You've signed up for paperless billing. You've opted in on e-statements for your credit cards. But your mailbox is still filled to the brim with envelopes full of useless credit card offers, catalogs, coupons, and charity solicitations. Thankfully, there is a way to take back your mailbox from unwanted junk mail—if you know where to go. According to The New York Times, there is a relatively painless way to reduce the amount of unwanted paper piling up in your mailbox.

DMAChoice.org is a website run by the DMA, or the Data & Marketing Association, a New York-based lobbying organization for data-based marketing and advertising that represents around 3600 companies that send direct mail to consumers, i.e., the sources of your junk mail. In order to try to keep consumers happy (and thus, more amenable to marketing), the website lets consumers opt out of certain categories of unsolicited mailings.
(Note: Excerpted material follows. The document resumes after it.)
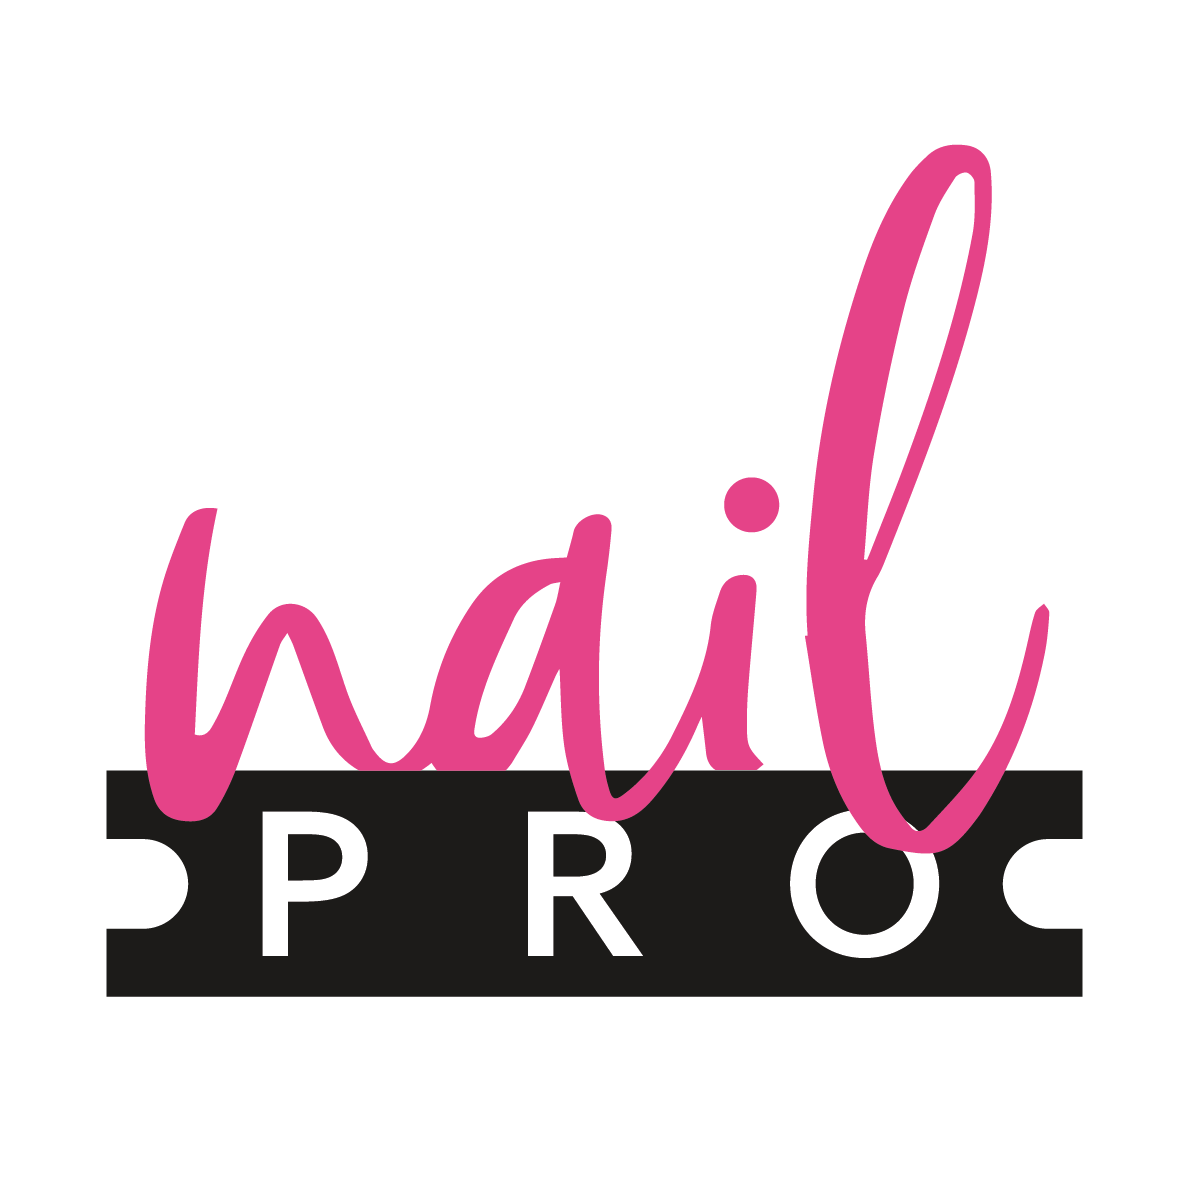 Nail Pro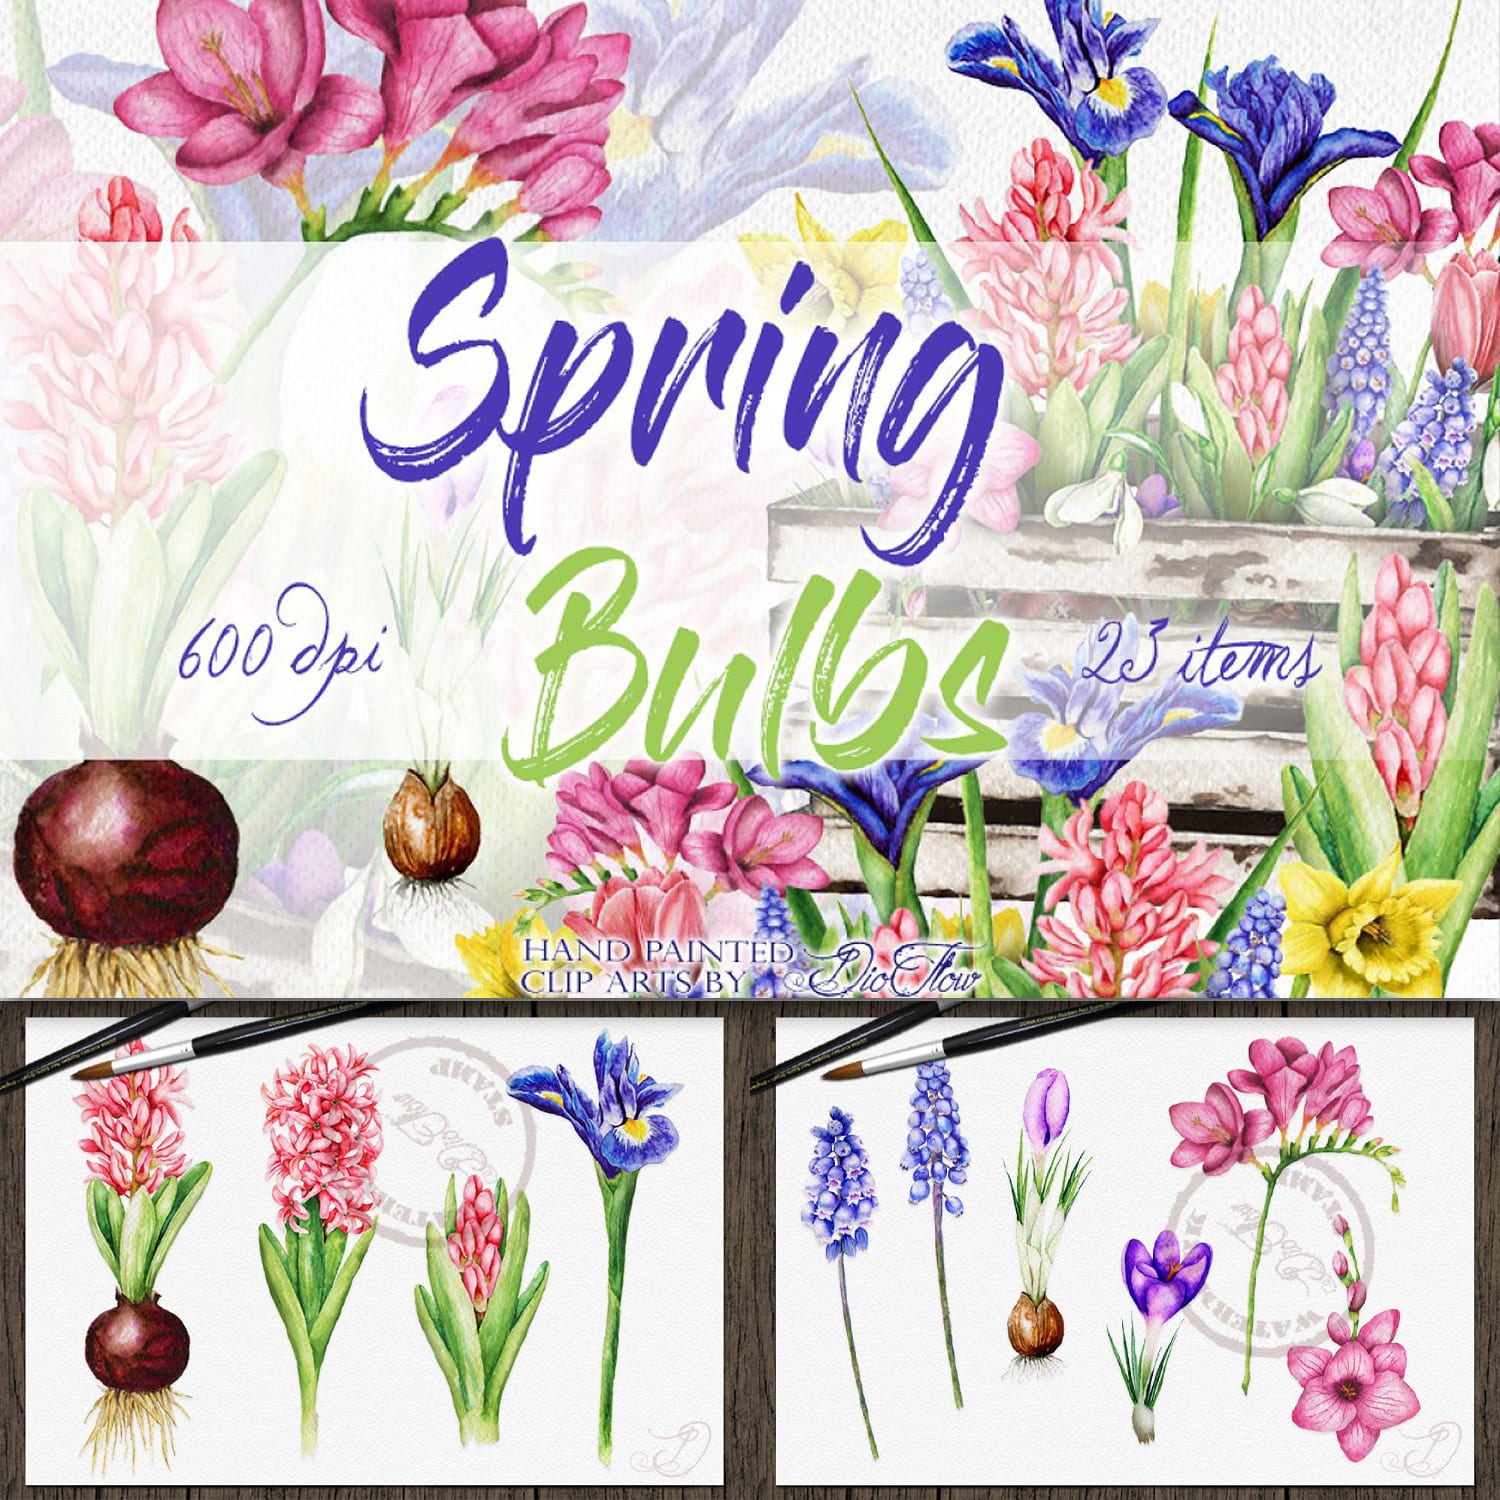 Spring Bulbs Illustration cover.

For a $2 registration fee, you can remove your name from mailing lists for catalogs, magazine offers, and other direct mail advertising. Your can opt out of offers from specific companies, like say, the magazine Birds and Blooms or the AARP, or you can opt out of all companies in a category. If you don't want to get any mail from DMA-affiliated businesses, you have to separately opt out of all three categories: magazine offers, all catalogs, and all "other" mail offers.

Compared to ripping up AARP offers every single day, the effort is worth it. For less than the price of a few stamps and a few minutes of your time, you can vastly cut down on your junk mail. While the opt-out only applies for companies that find their direct-mail potential customers through DMA lists, you'll still be eliminating a huge swath of your unwanted mail.

As for those annoying "prequalified" credit card offers, you'll have to go to a different website, but this one, at least, is free. OptOutPrescreen.com, run by the four major credit reporting agencies—Equifax, Innovis, Experian, and TransUnion—lets you opt out of all of credit card offers originating from the customer lists provided by those four reporting agencies. You can either file a request to opt out on the website to free yourself of credit card mailings for five years, or mail in an opt-out form to stop receiving them permanently. The site does ask you for your Social Security number, but it's legit, we promise. It has the FTC's stamp of approval.